We are currently working with ALL 311 call types, so we are going to use the linear regression and stepwise tool, to see which service types are the best indicators in predicting the number of trees.


I created an estimation sample and a validation sample to test against later. 70/30 split will work here.




There were some relationships that made NO sense, so those were eliminated from the analysis. What we were left with was some good indicators.




Based on my score card, trees (X) seem like a pretty decent way to combat graffiti--how about that!




In order to better understand how to determine if something is a result of correlation or causation, we have to consider what other factors may be at play in order to create our result. If we break down the definitions of both correlation and causation; a correlation is the relationship between the two variables, while causation is simple cause and effect, an action was done, hence, the second action was done. The key word that differentiates the two is relationship. Although there is no “one size fits all” definition, generally when we stumble upon a relationship, we would consider that to be a correlation, further scientific research can upgrade that relationship to an actual cause.

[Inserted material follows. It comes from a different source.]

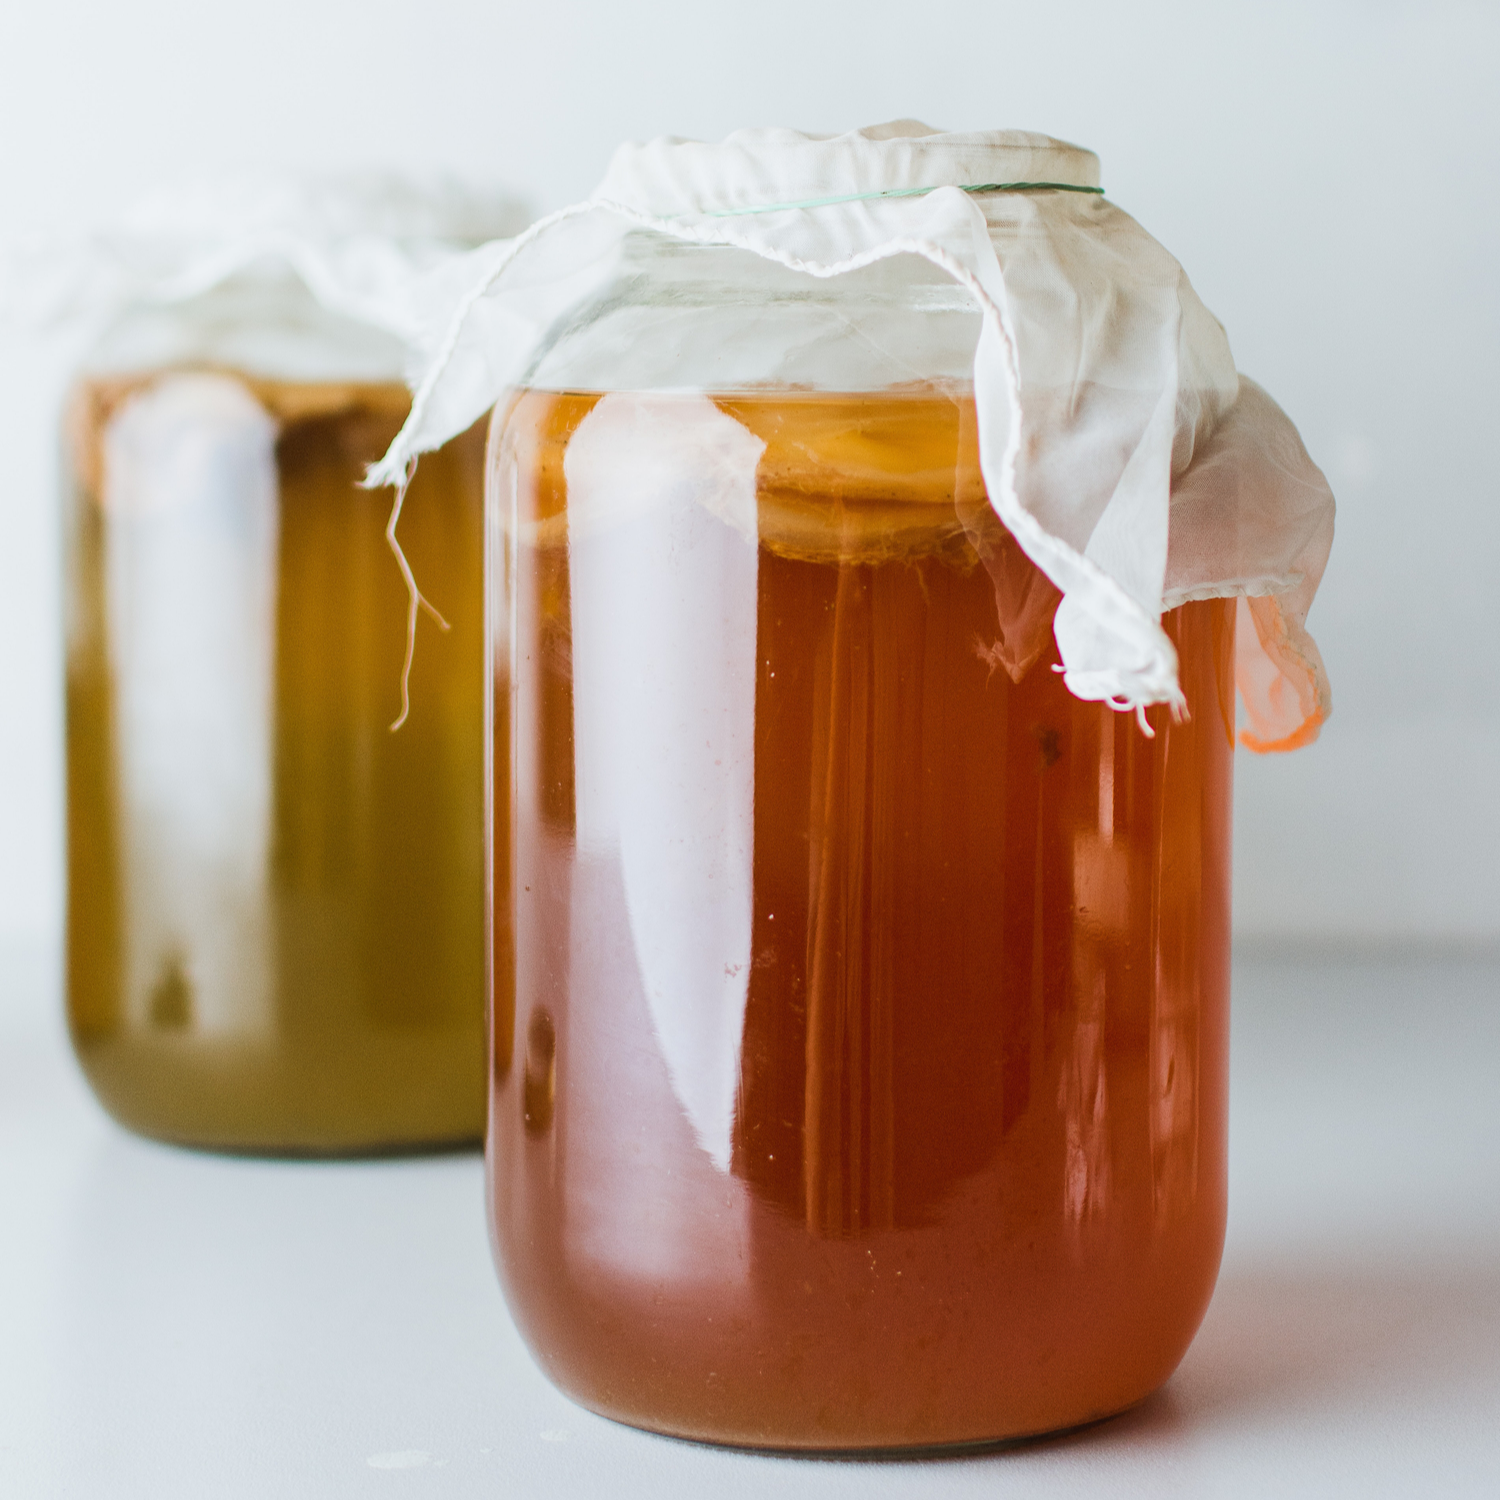 What's in a SCOBY?

To solidify this relationship scientifically, we need to control our environment and establish variables. We need to establish an independent variable and a dependent variable.  The independent variable is the piece of data that we control, we can change it, or leave it as it. The dependent variable is the variable that is changed by the independent variable, or some other factor.

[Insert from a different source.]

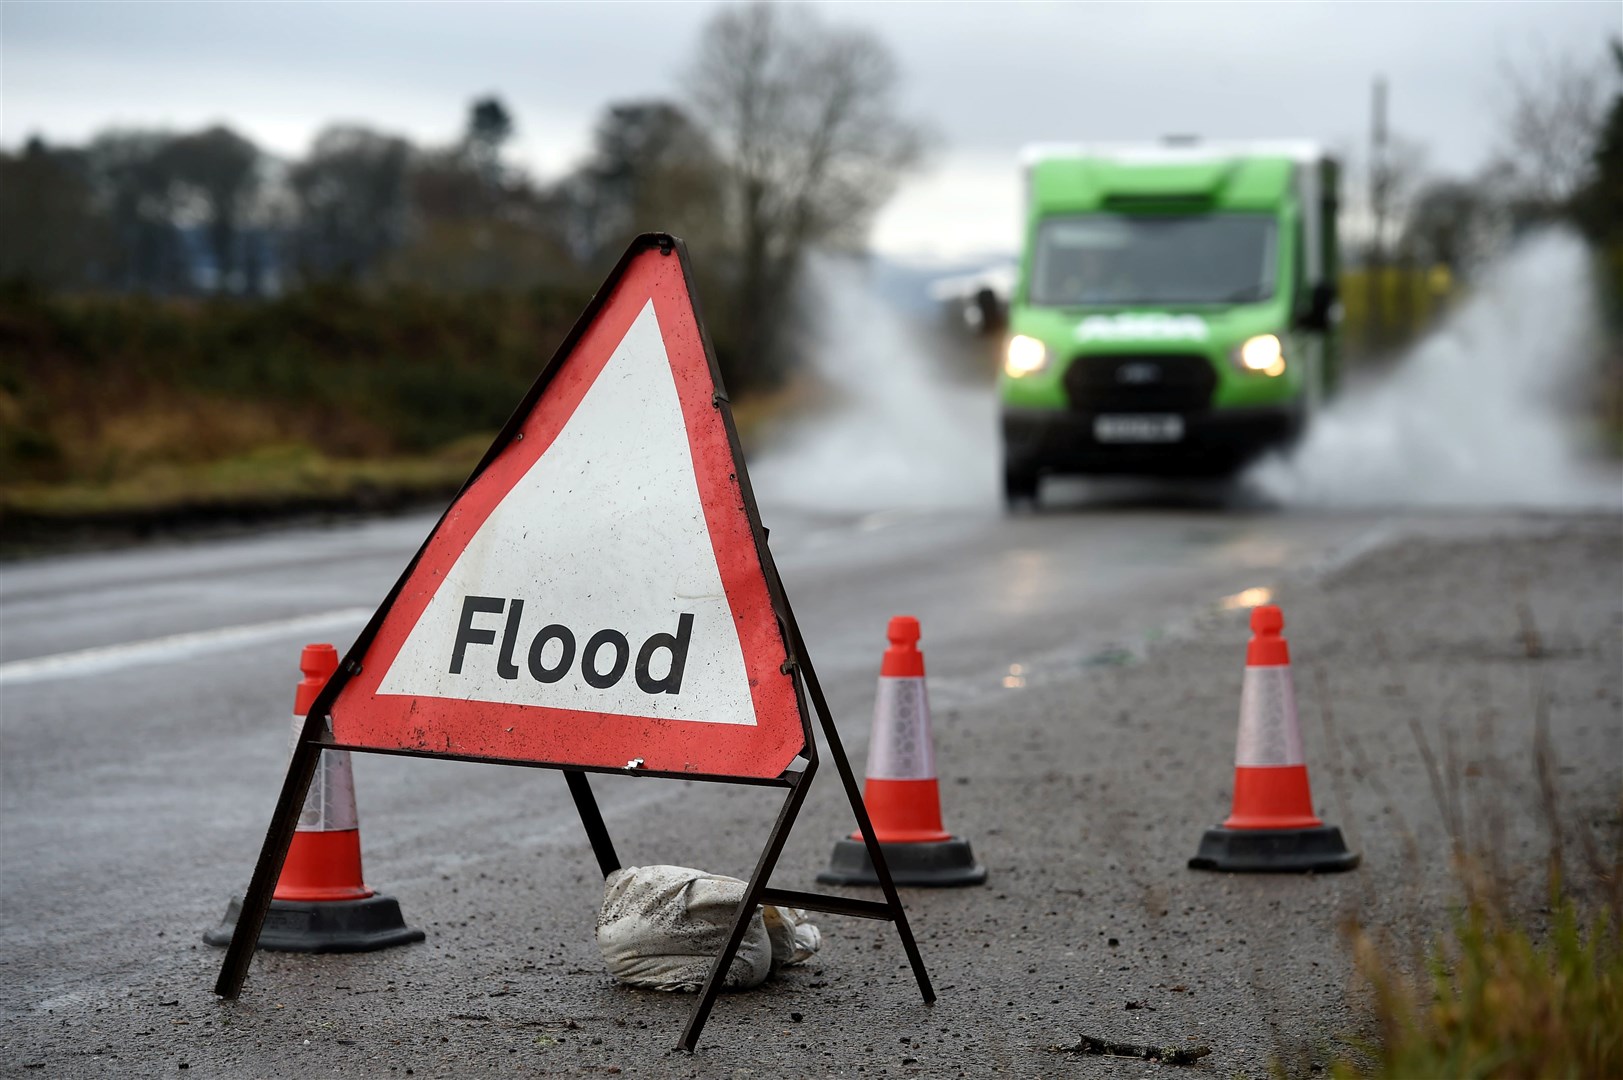 Flooding on A832 Tore to Muir of Ord road

In our analysis we took a look at the number of trees in a neighborhood and the amount of complaints reported about graffiti. We already have a skew in our data. Not everyone calls to report graffiti, so this is not a complete count of the graffiti in the city. In addition, some of these neighborhoods are more residential, which is another factor at play. When taking a look at any data set, we need to think deeper about factors that surround the data, instead of just taking it at face value. Why was this particular data set recorded? Where did it come from? What is filtered out? All in all, it doesn’t look like we have a lot of control over our data.


There are many ways to draw conclusions here. A neighbourhood with more trees would have more complaints about trees blocking the road. But we can’t take this relationship on blind faith alone. Why do the number of trees in a neighbourhood seem to be correlated with graffiti but not some of the other calls? Well let’s take a moment to consider a street art canvas, an empty concrete wall. Neighbourhoods with more buildings tend to have less space for trees and less things in the way for graffiti to take place, so more buildings and less trees may be the real culprit here. Whenever we are creating a relationship between fields, we must consider these outside factors, or else it will be hard to replicate this in another environment. Some of these will not have relationships, and that’s also a result on its own.


Let’s take a look at some of the other Service Request Types across Toronto. For example, animals. When we set up this model in the exact same way as previously, using animals this time, we see the prediction of animals across neighborhoods is not really a solid indicator of trees.




No relationship (Where X is the prediction):




Again, we need to consider why calls about animals are not a good indicator. As we can see there has only been 1 call in Etobicoke North and 1 in Spadina-Fort York, yet the amount of trees differs by 19k! This further shows that we don’t only need to know where the data comes from, but also that there is enough, and what underlying factors can come together to build a relationship.


Try for yourself and see what great relationship you can find!